Data for processing ::
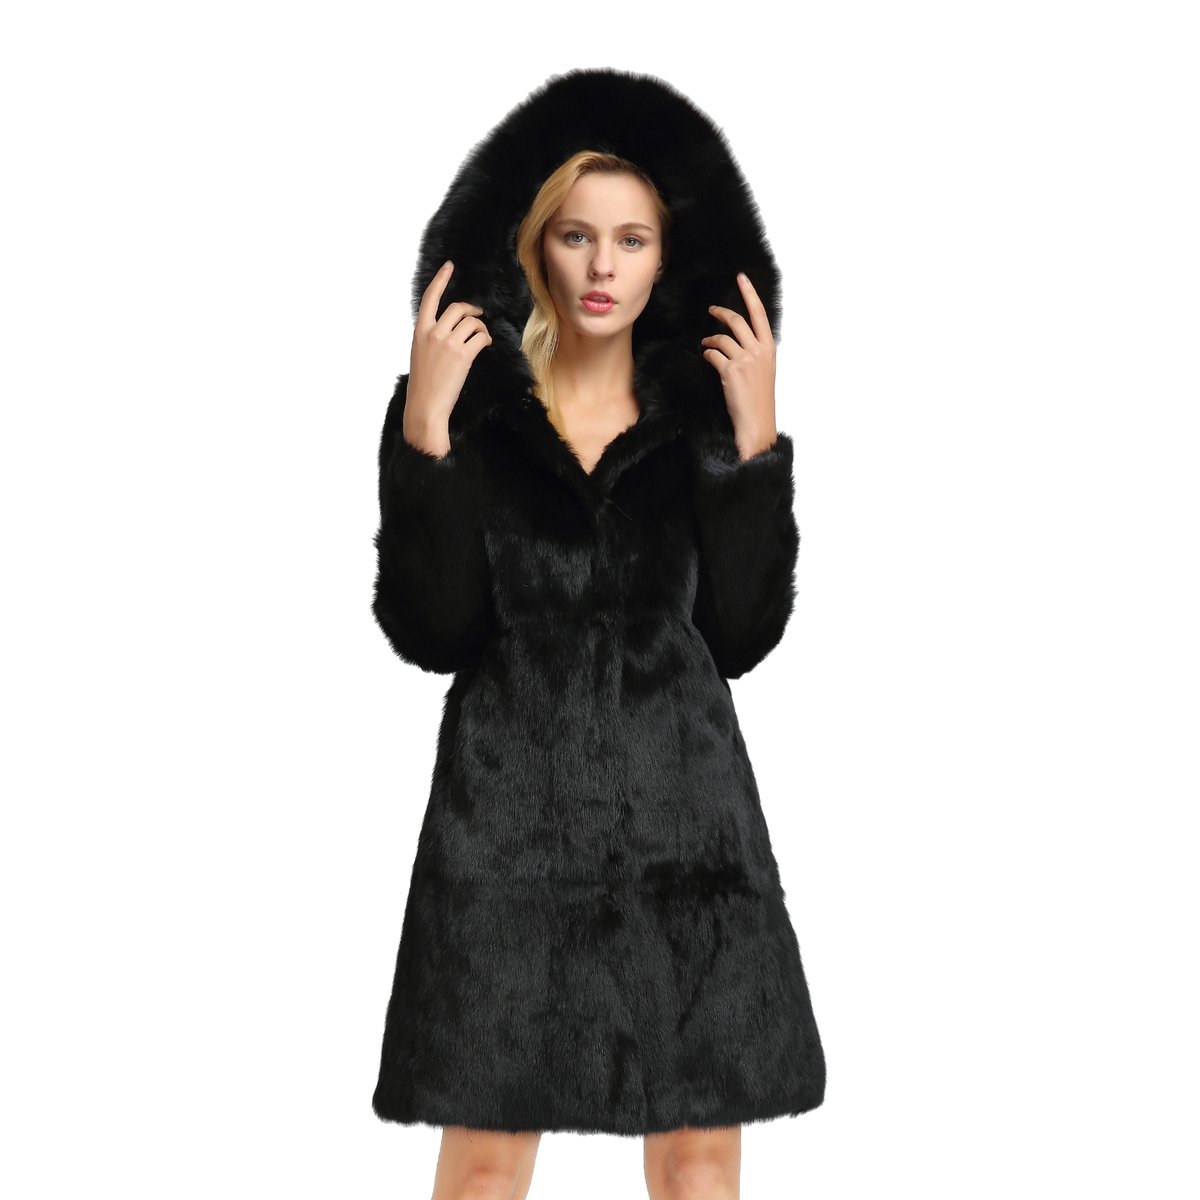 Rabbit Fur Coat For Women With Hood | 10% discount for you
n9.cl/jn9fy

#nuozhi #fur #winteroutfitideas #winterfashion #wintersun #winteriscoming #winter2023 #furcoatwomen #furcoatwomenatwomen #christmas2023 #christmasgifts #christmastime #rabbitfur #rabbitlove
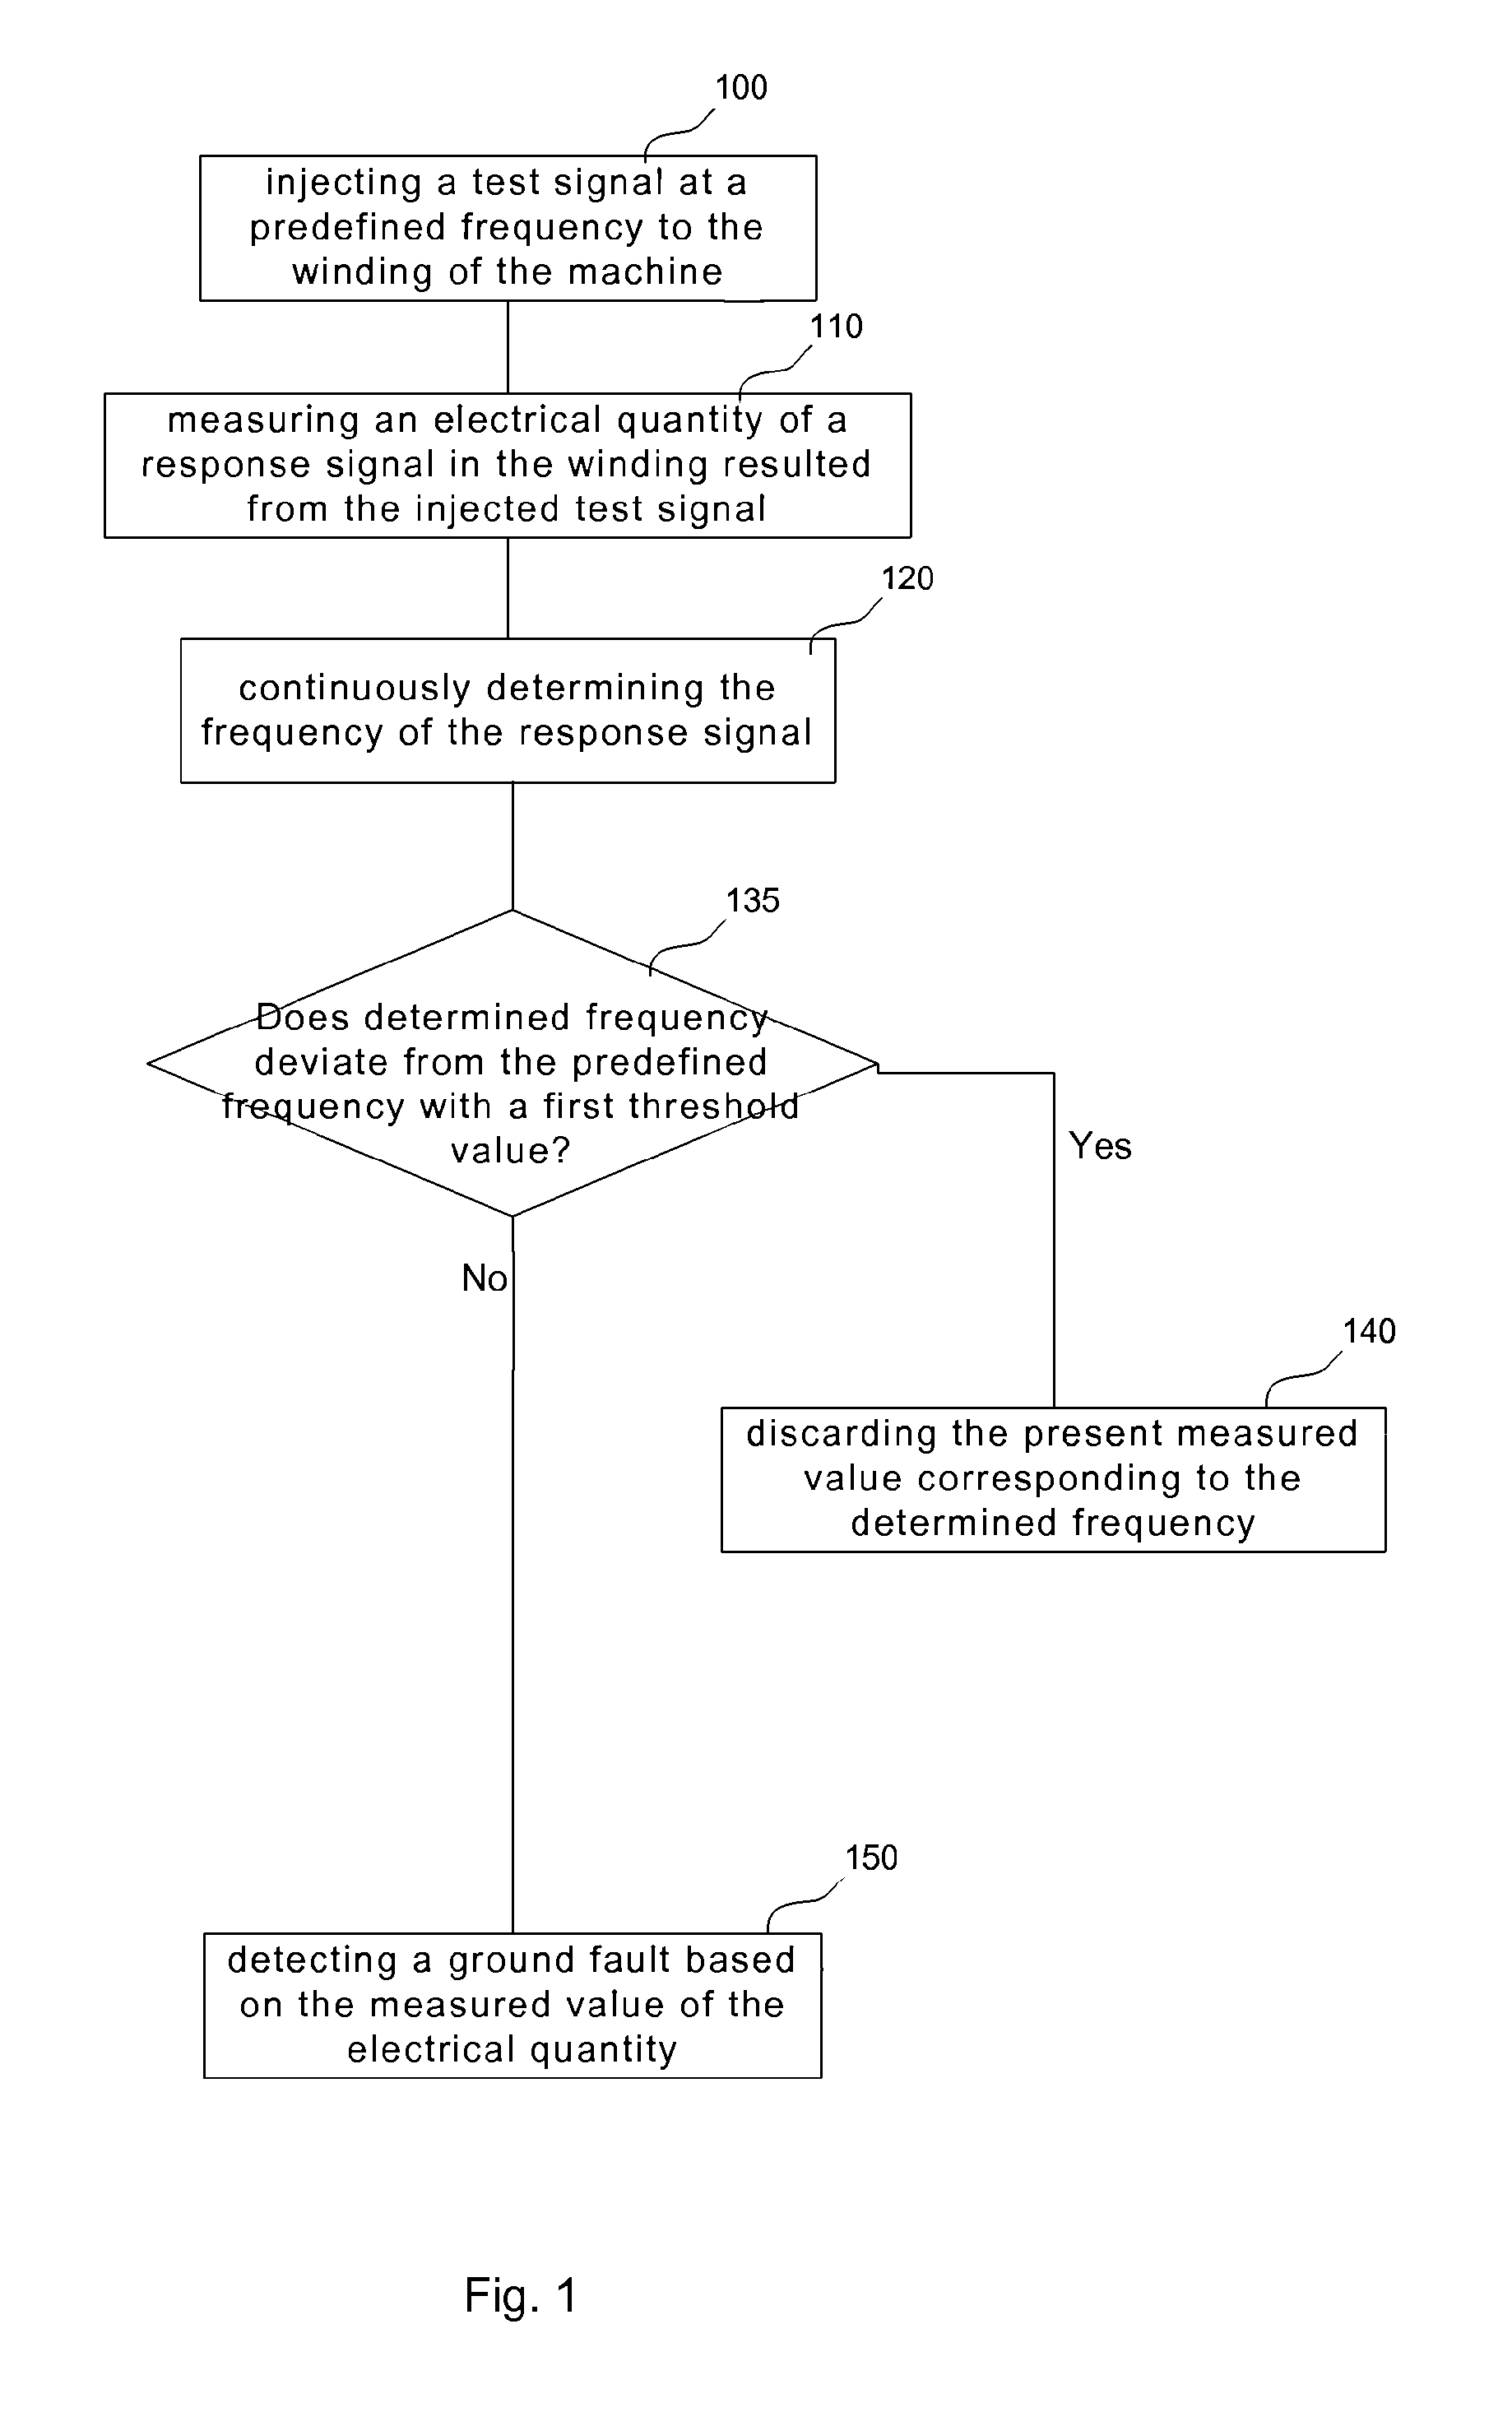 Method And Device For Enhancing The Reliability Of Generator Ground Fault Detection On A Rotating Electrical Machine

* * *

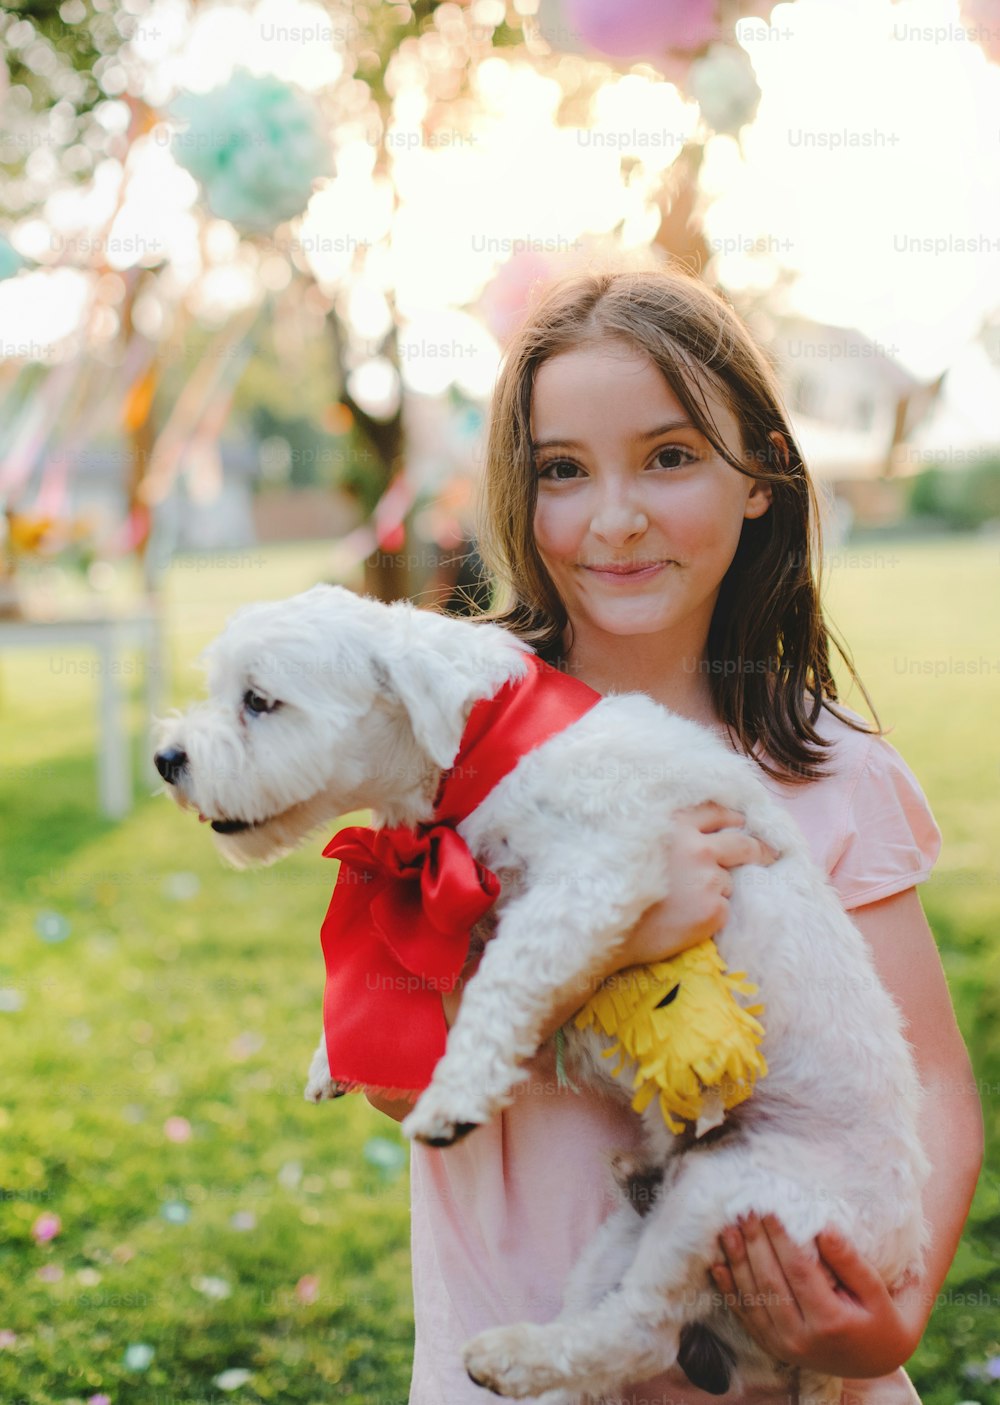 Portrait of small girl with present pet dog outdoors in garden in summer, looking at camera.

What you will do ::
In the listing above, find the line with "Rabbit Fur Coat" and the line with "Method And Device". Set down exactly those lines and everything between them, skipping pictures.

Answer for this exercise ::
 Rabbit Fur Coat For Women With Hood | 10% discount for you
n9.cl/jn9fy

#nuozhi #fur #winteroutfitideas #winterfashion #wintersun #winteriscoming #winter2023 #furcoatwomen #furcoatwomenatwomen #christmas2023 #christmasgifts #christmastime #rabbitfur #rabbitlove
 Method And Device For Enhancing The Reliability Of Generator Ground Fault Detection On A Rotating Electrical Machine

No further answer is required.